Bei Anna Heringer fing es mit Lehm an. Was insoweit passt, da es der älteste Baustoff der Menschheit ist. Die Erde dafür ist überall verfügbar und mit Wasser und Arbeitskraft in ein Material zu verwandeln, das in Form gebracht Jahrhunderte überdauern kann, wie etwa die bis zu 25 Meter hohen Lehmhochhäuser im Jemen, dem Manhattan der Wüste, seit 400 Jahren beweisen. Heute lebt ein Drittel der Menschheit in Gebäuden aus Lehm. »Ich war schon immer an Lehm interessiert, dachte aber, das ist eine Hippie-Fantasie von mir«, erzählt Heringer in ihrem Büro in Laufen. Sie empfängt in Jeans, alten Cowboystiefeln und einem bunt schillernden Oberteil aus Seide. Ein ähnlicher Stoff hängt wie ein Gemälde hinter ihr an der Wand. Heringer betreibt in Rudrapur, dem Dorf ihrer METI-Schule, eine eigene Textilwerkstatt, damit die Näherinnen im Ort ihr Geld verdienen können und nicht in die Stadt umziehen müssen. Aus wiederverwerteten Saris entstehen dort Kleidungsstücke, manchmal aber auch der Masterplan für ein neues Projekt. Der Stoff an der Wand in Laufen zeigt den Grundriss eines Flüchtlingscamps in Bangladesch, für das Heringer gerade Strategien entwickelt, wie man dort Lehmunterkünfte im großen Maßstab entwickeln kann.
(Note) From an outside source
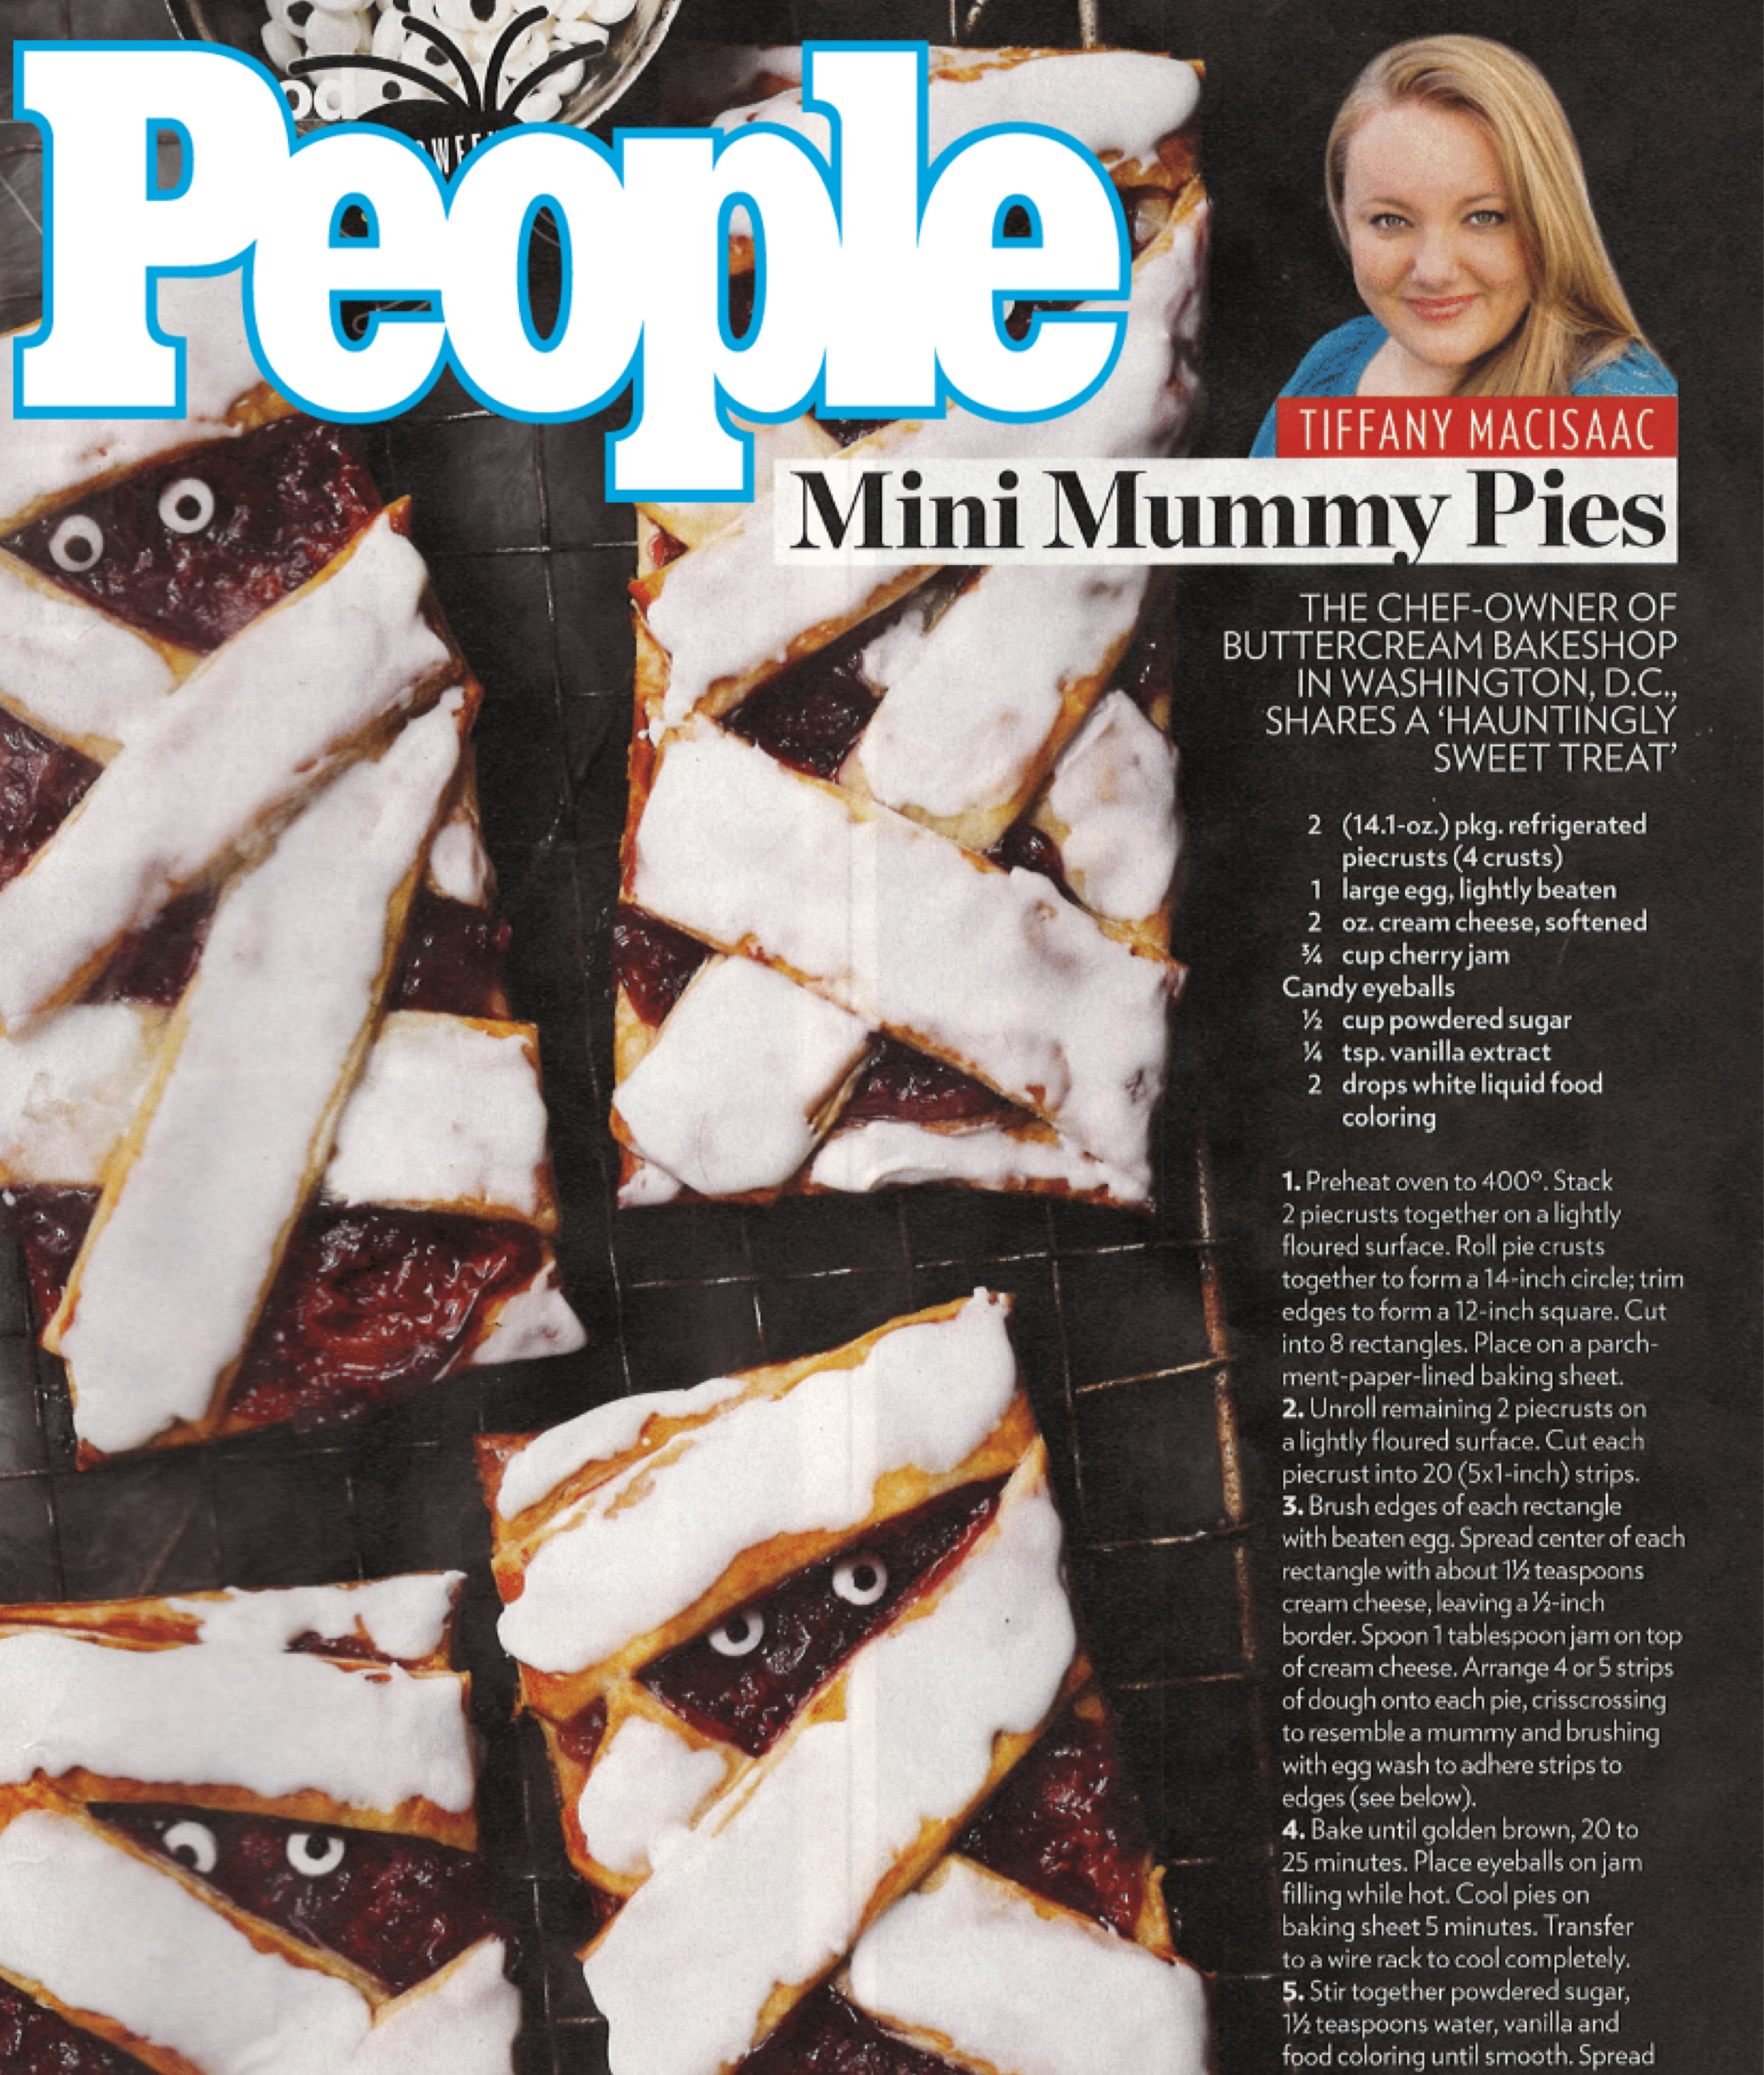 PEOPLE MAGAZINE:Tiffany Macisaac's Mini Mummy Pies - October 18, 2017

Entstehen in anderen Architekturbüros die Entwürfe oft am Computer, fängt bei Anna Heringer alles mit Lehm an.

»Clay Storming« nennt sie das Verfahren, in dem sich die ersten schnellen Ideen mit den Händen statt im Kopf entwickeln.

Sowieso wirkt der lang gestreckte Raum unter dem mittelalterlichen Gewölbe nicht wie ein klassisches Architekturbüro. Eher wie ein Künstleratelier, in das sich ein paar Schreibtische verirrt haben. Computer sieht man bloß drei, dafür viele Tonmodelle, die auf einer Werkbank abgestellt sind – ­Heringer entwirft nicht am Computer, sondern mit Ton. Außerdem zeugt überall Handgemachtes aus aller Welt von Heringers Reisen. Vor der Corona-Pandemie war die Architektin nie länger als eine Woche am Stück in Laufen, einem 7000-Einwohner-Ort an der Salzach, der eine Miniaturausgabe des 20 Kilometer entfernten Salzburgs sein könnte, mit ­jahrhundertealten Steinhäusern in bunten ­Farben und flachen Dächern, die sich windschief aneinanderlehnen. Lehmbauten kannte Heringer vor allem von ihrem freiwilligen sozia­len Jahr in Rudrapur, Bangladesch, das sie nach dem Abitur absolvierte – bei einer NGO, die sich für nachhaltige Arbeitsstrukturen einsetzt. In ihrem Architekturstudium in Linz war Lehm dann kein Thema, auch im Architekturdiskurs der Nullerjahre, in den Vorträgen, Zeitschriften und Konferenzen kam der Baustoff so gut wie nicht vor.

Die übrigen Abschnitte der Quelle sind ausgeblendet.